Ron Campbell knew his lineworker training class wasn’t going exactly as he planned when a snake fell on him from the ceiling.

Former VMDAEC safety official Ron Campbell

“It was a black snake, but it was still a snake,” Campbell recalls with a shudder. “And it definitely stopped me from doing what I was doing.”

Fast forward to May 2019, when Campbell, retired vice president of safety & training for the Virginia, Maryland & Delaware Association of Electric Cooperatives, flashed a broad smile during the dedication of a $1.5 million, state-of-the-art training center for co-ops in a three-state region.

“This is my dream here,” says Campbell, part of a crowd of 120 that included officials from Fluvanna County, Virginia, co-op and community leaders, businessmen and elected officials.

For years, VMDAEC had conducted lineworker training in a 15-by-15-foot patchwork classroom next to an aging vocational-technical center in Culpeper.

“You’d look out the window and see what we called Lake Culpeper,” Campbell quips. “It was a septic tank. The guys would go in the bathrooms and the snakes would be hanging from the ceiling, looking for the rats.”

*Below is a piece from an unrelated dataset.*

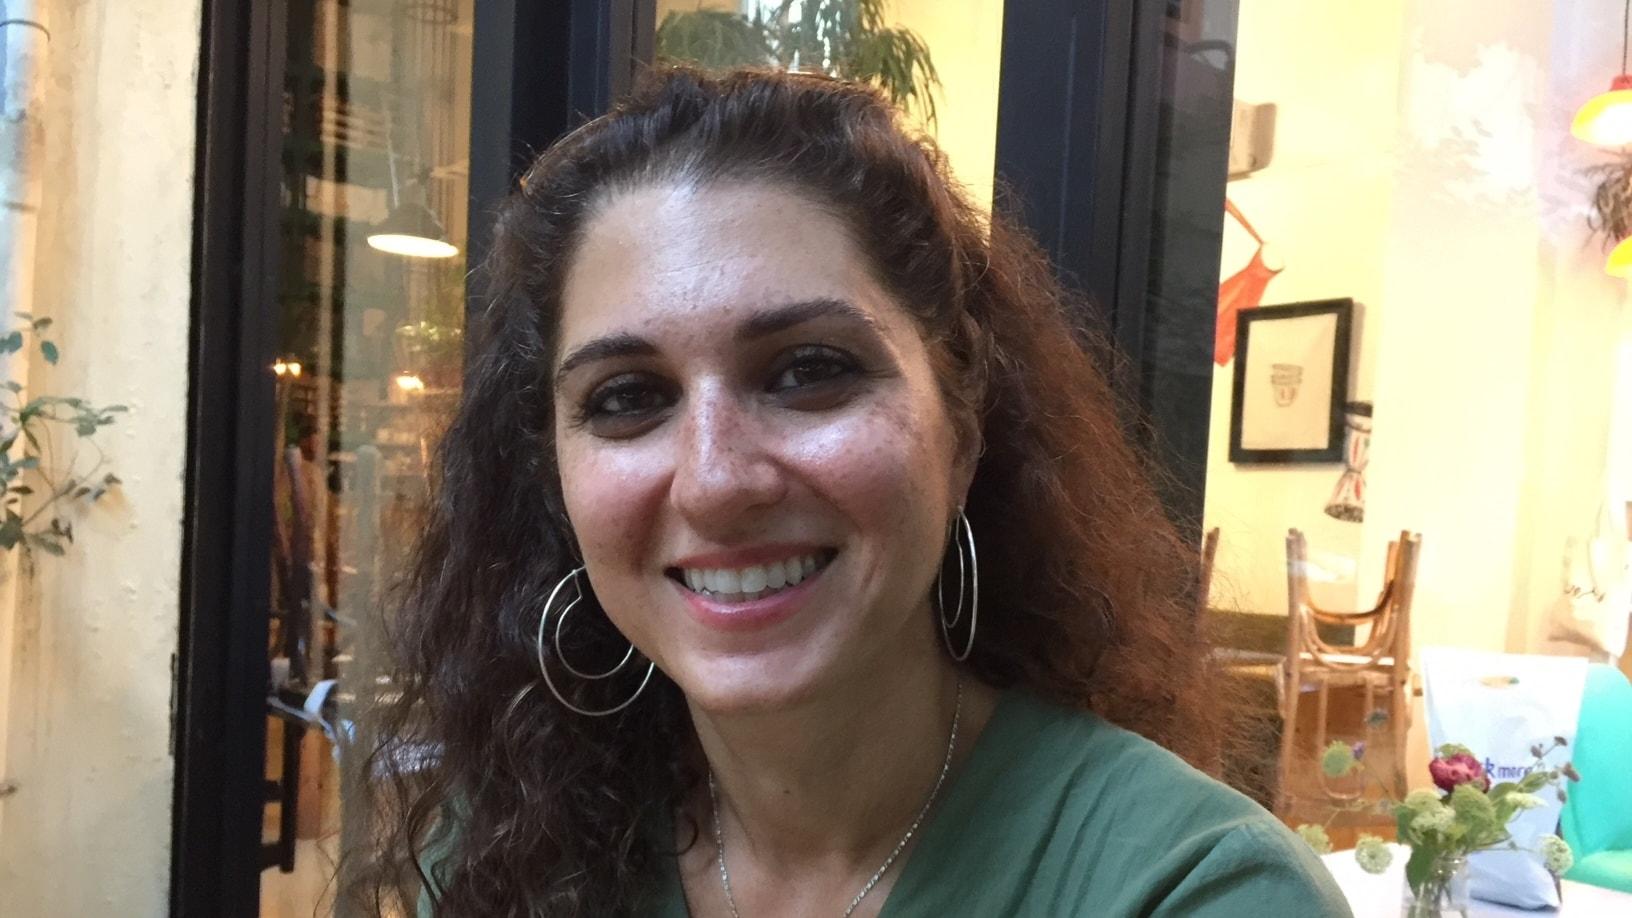 Alia Maleks släktkrönika om Assad-regimens tysta stöd

In 2013, training moved to three modular structures in Palmyra on land that Central Virginia Electric Cooperative (CVEC) leased to the association. In time, CVEC sold the land to the association at a favorable rate, paving the way for the 9,600-square-foot building on 9 acres adjacent to the co-op’s district office.

The Electric Cooperative Training Center in Palmyra, Va., serves the needs of lineworkers, system operators and other co-op personnel in a three-state region.

“This building is a great investment in a number of ways,” says Gary Wood, president and CEO of CVEC. “It’s a deposit on the continuing investment co-ops are making in Fluvanna County. It’s an investment in all the instructors and trainers because you now have a great tool to deliver your messages. And it’s an investment among co-ops in our relationship because our strength comes from the partnerships we share.”

The building has three classrooms — one each named for Maryland, Virginia and Delaware. The rooms employ state-of-the-art video technology with a touchpad system to control lighting and A/V equipment. The building also offers a full-service kitchen with a catering window, a break room, and showers in the men’s and women’s restrooms.

A large garage bay provides space for equipment demos and training in inclement weather. The outdoor area includes a mini-substation and practice poles and wires. An outstanding feature is the bronze Storm Soldier statue, developed by Arkansas sculptor Ron Moore, that stands 20 feet above the ground.

Richard G. Johnstone Jr., president and CEO of the association, said the completed project represents the best of the cooperative spirit.

“Every single one of our 15 member cooperatives contributed financially and contributed to the planning because they saw the need for such a facility.”

In time, thousands of cooperative employees and directors will pass through the center’s doors, he adds.

“In addition to lineworkers, we’ll be providing training to engineers, accountants, customer service representatives, and the elected directors who serve on the boards of our member cooperatives,” he says. “This is a red-letter day for us. We are realizing a dream that we’ve had for decades with a facility that we’ve planned for years.”